STAR alignment requires significant RAM for genome indexing — budget at least 32 GiB for human genome alignment. Whole-genome variant calling with Sentieon or GATK benefits from high-performance CPUs and 16+ cores.

Sentieon tools are on your $PATH and the license is pre-configured. Run Sentieon commands directly:

Terminal window
sentieon driver -r reference.fa -i input.bam \
--algo Haplotyper output.vcf.gz

Quickstart scripts for common workflows are in ~/sentieon_quickstart. These can be used as templates for:

  • Germline whole-genome/exome variant calling
  • Somatic tumor/normal analysis
  • Joint genotyping

Sentieon provides the same variant calling algorithms as GATK but with deterministic results and substantially faster runtimes, making it well-suited for production pipelines on high-performance instances.

Terminal window
# Download reads from SRA
fasterq-dump SRR12345678 --threads 8
# Align with BWA
bwa index reference.fa
bwa mem -t 16 reference.fa SRR12345678_1.fastq SRR12345678_2.fastq \
| samtools sort -@ 4 -o aligned.bam
samtools index aligned.bam
# Mark duplicates
picard MarkDuplicates I=aligned.bam O=dedup.bam M=metrics.txt
# Variant calling with Sentieon (fast, deterministic)
sentieon driver -r reference.fa -i dedup.bam \
--algo Haplotyper variants.vcf.gz
# Or with GATK
gatk HaplotypeCaller -R reference.fa -I dedup.bam -O variants.vcf.gz
# QC report
multiqc .

Need more cores mid-pipeline?
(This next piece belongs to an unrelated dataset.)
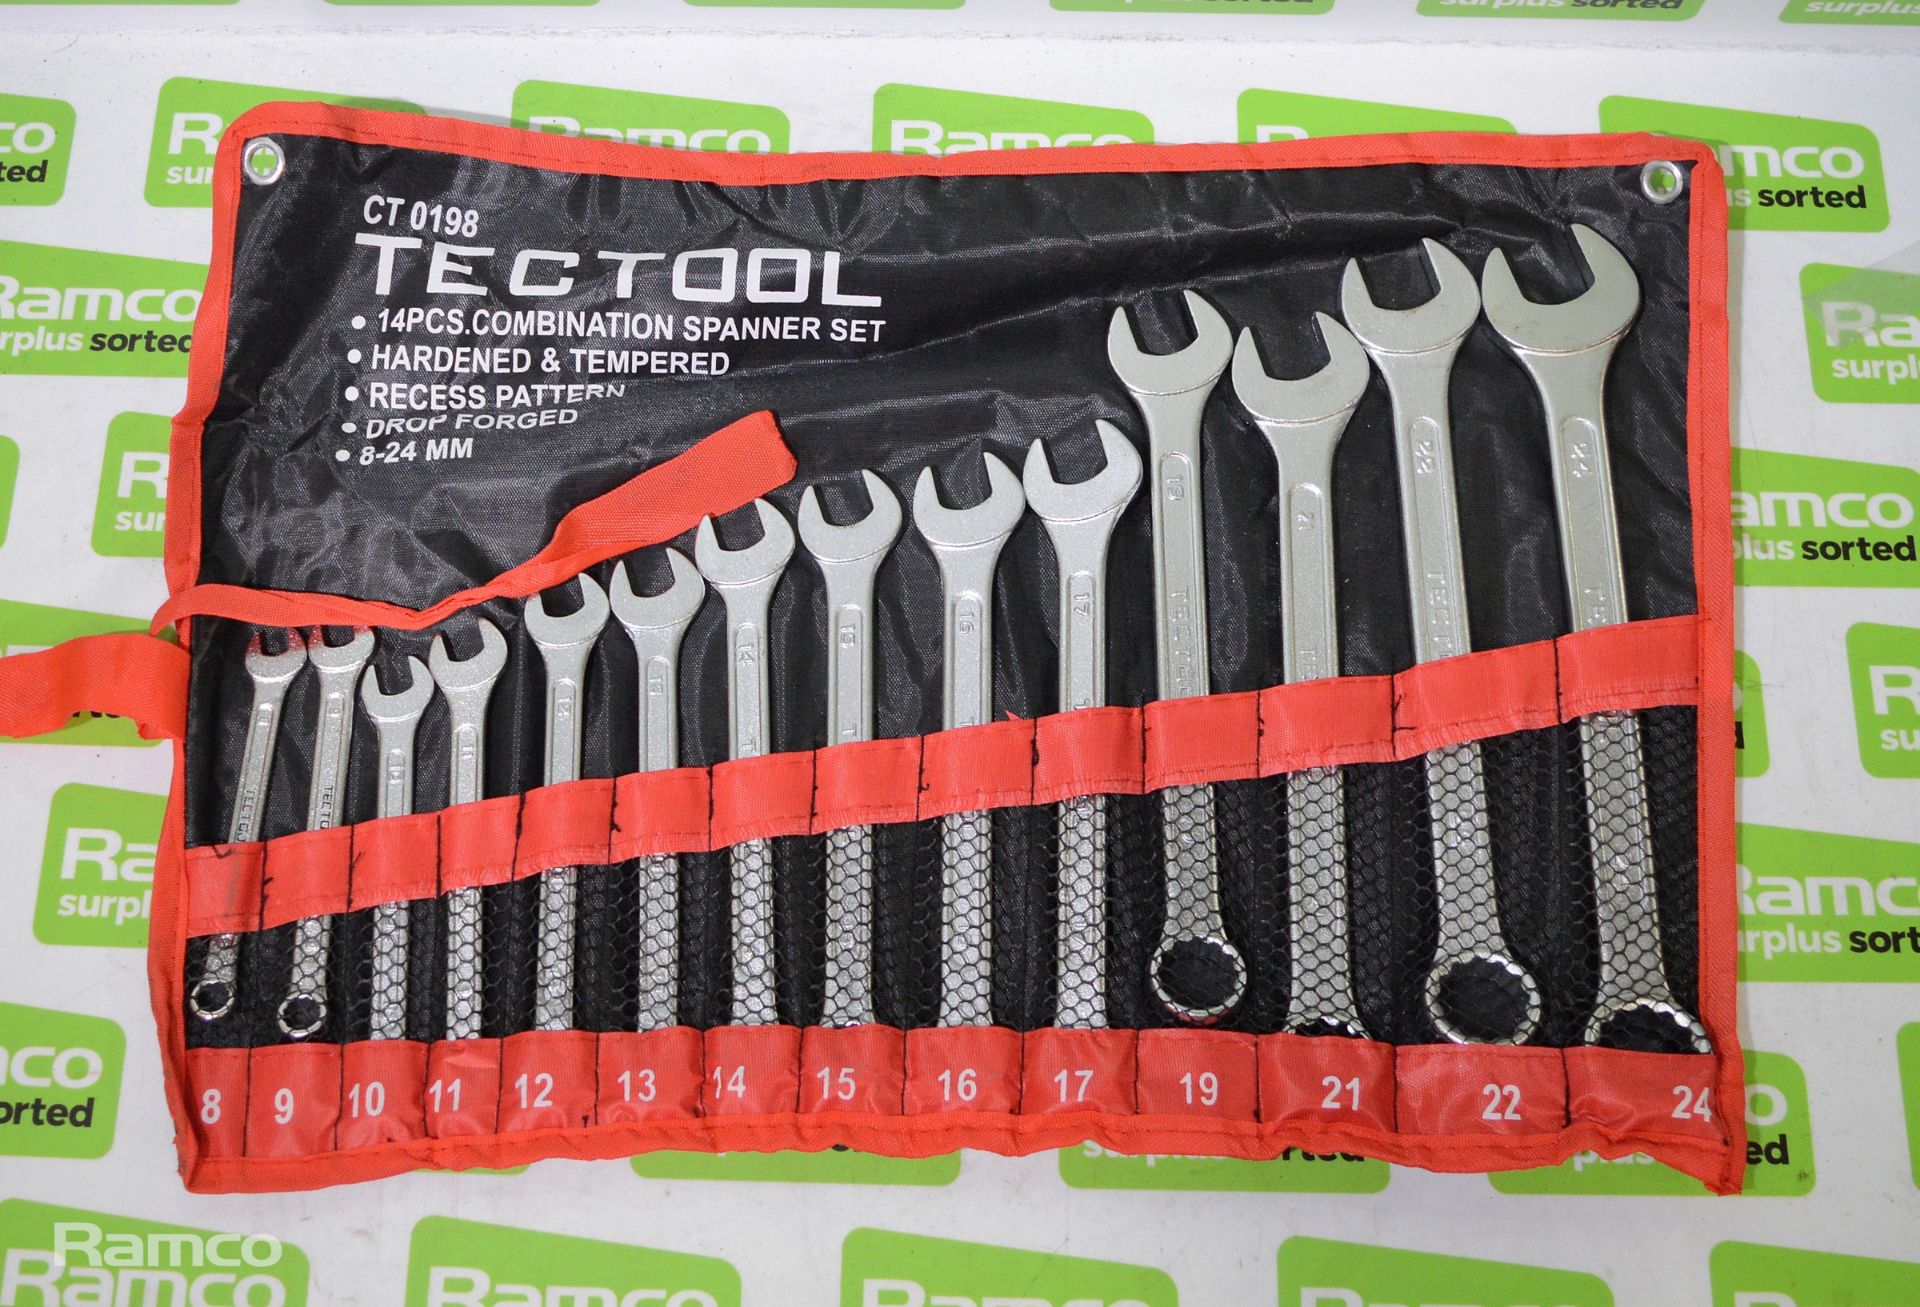 6x Tectool 14 piece combination spanner sets - Image 2 of 3

Containers support live resizing without stopping:

Terminal window
curl -X PATCH https://console.carolinacloud.io/api/instance/<uuid>/ \
-H "Authorization: Bearer YOUR_API_KEY" \
-H "Content-Type: application/json" \
-d '{"n_vcpus": 32, "mem_gib": 128}'

Scale up for alignment, scale down for overnight analysis — pay only for what you use.